Под действием наркотиков, она с трудом воспринимала происходящее, но общий смысл его тирады всё-таки уловила.

 Режь безымянный,  крикнула она и расхохоталась.


Ещё через неделю, её родители собрали требуемую сумму и передали похитителям. Для этого им пришлось продать квартиру.


***


Глубокой ночью в паре километров от жилых кварталов девочку вытолкнули из тонированной иномарки на обочину, и она, шатаясь, побрела в сторону дома, где раньше была их, ныне проданная, квартира.

Дойдя до жилого массива, она в изнеможении уселась на разбитый бордюр, уткнулась лицом в колени и начала засыпать.

 Девушка, что с вами? Вам плохо?

Она медленно подняла голову и обернулась.

Её ещё совсем недавно юное и миловидное лицо превратилось в жуткую физиономию законченной наркоманки. Под глазами залегли противоестественные для пятнадцатилетней школьницы мешки, из носа свисали застывшие сопли, а губы распухли и кровоточили.
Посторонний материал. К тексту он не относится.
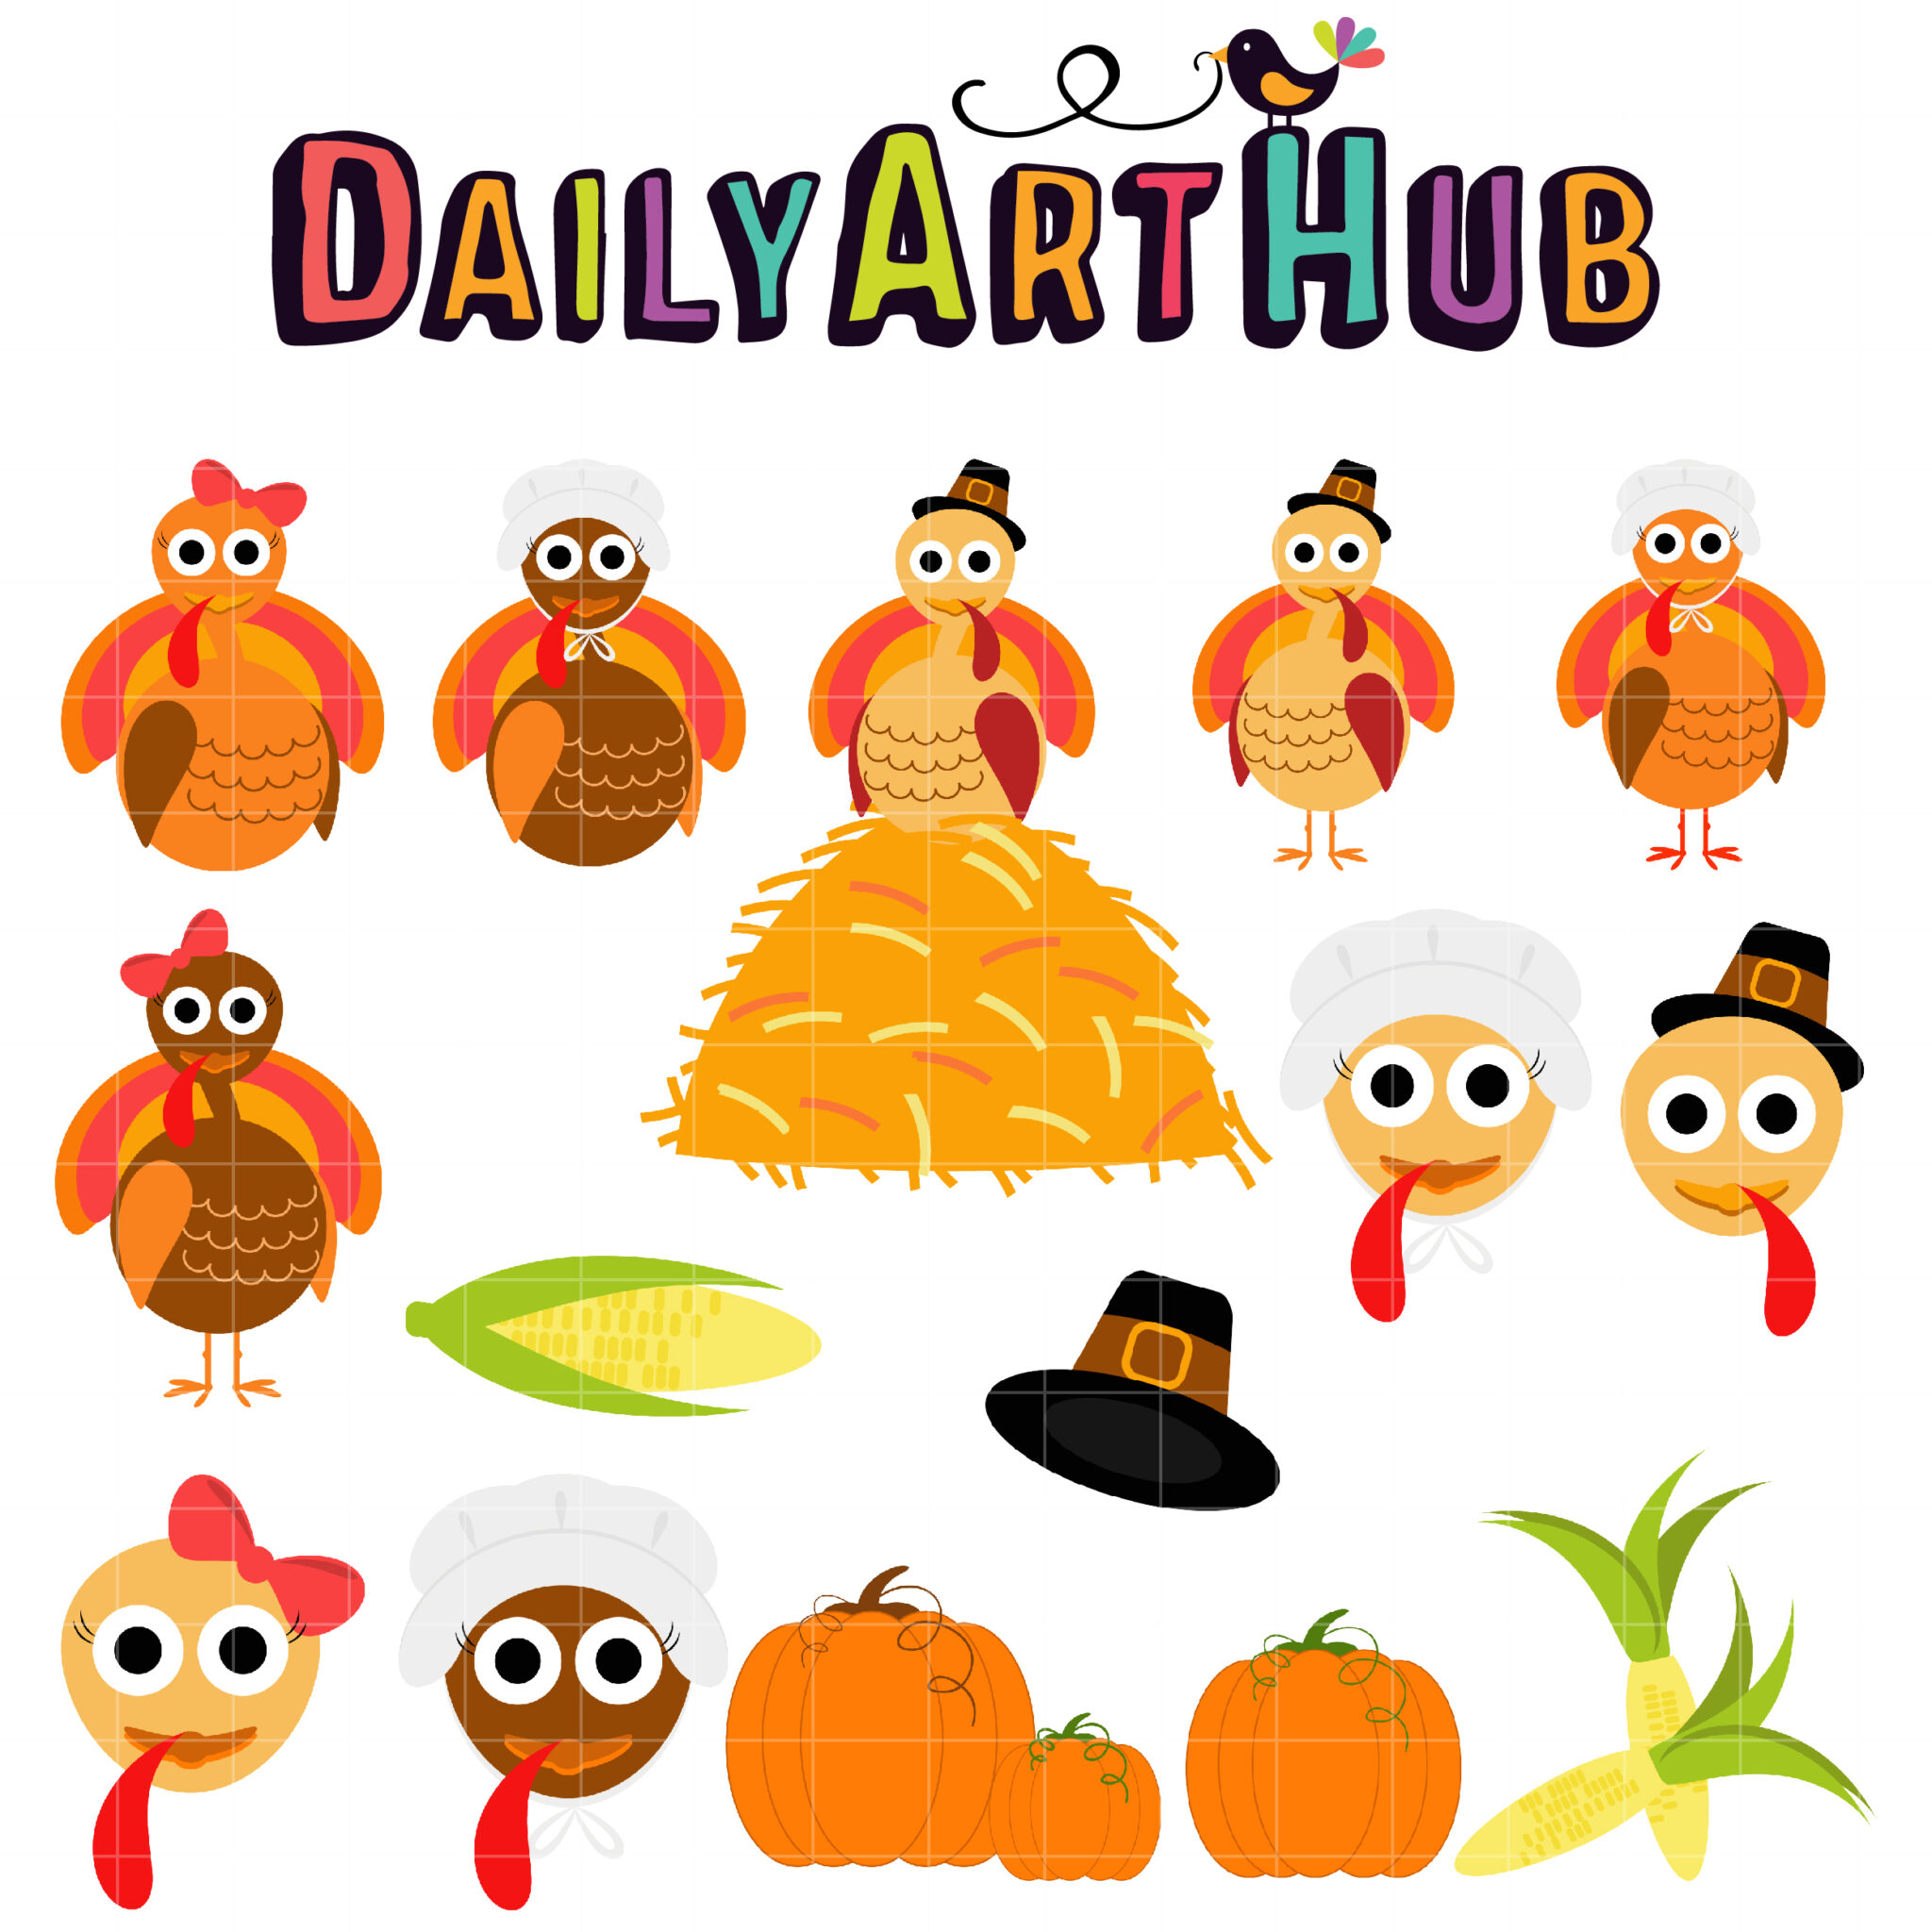 Gobble Gobble Thanksgiving Turkey Clip Art Set Daily Art Hub

Перед ней стоял молодой человек в военной форме. Он в удивлении раскрыл рот, собираясь спросить что-то ещё, но запнулся. Хмурясь, он оглядел её с ног до головы, задержав взгляд на пожелтевших синяках в районе предплечий и изувеченной руке.

 О господи, что эти звери с тобой сделали,  с жалостью пробормотал он.  Идём, я отведу тебя в больницу.

Ничего не говоря, она попыталась встать, но не смогла.

Молодой человек взял её на руки и бережно понёс в больницу.

Груз 200


 Сынок, я прошу тебя, не надо! Подумай о нас с матерью, пожалуйста!

Начав с традиционной прелюдии ни о чём, отец вскоре завёл привычную шарманку о главном. Неделю назад сын объявил родителям о своём решении ехать на войну и теперь они капали ему на мозги каждый божий день, пытаясь отговорить от патриотичного намерения защищать Родину.

Мать в этих разговорах почти не участвовала, она просто сидела рядом и смотрела на него так, будто он стоит перед ней с заряженным пистолетом и целится в голову. Этот её вид, надо полагать, имел цель передать ему всю глубину её страданий без слов, а для того чтобы абсолютно точно дать понять, что от него требуется, чтобы эти страдания прекратить, мать время от времени кивала головой в такт отцовским речам и слабым голосом произносила: «совершенно верно».

 Сын, ты уже отслужил срочную службу и больше ты Родине ничего не должен. Этот военный конфликт локальный и в нём принимают участие профессиональные службисты.

 Я тоже профессиональный, как ты говоришь, службист, папа,  резко ответил он,  поскольку заключил контракт, если ты не помнишь!

Отец рассвирепел и ударил ладонью по столу.

 ДА ТЕБЯ ЖЕ ТАМ УБЬЮТ, ГЛУПАЯ ТЫ СВОЛОЧЬ!

На сегодня с него было достаточно, сын резко встал из-за стола и направился к выходу. Вмиг сменив тактику, отец вскочил вслед за ним, схватил за локоть и жалобно проговорил:

 Сынок, прости! Я не хотел пожалуйста, давай поговорим

Но молодой воин резко вырвался и вышел в подъезд, хлопнув дверью.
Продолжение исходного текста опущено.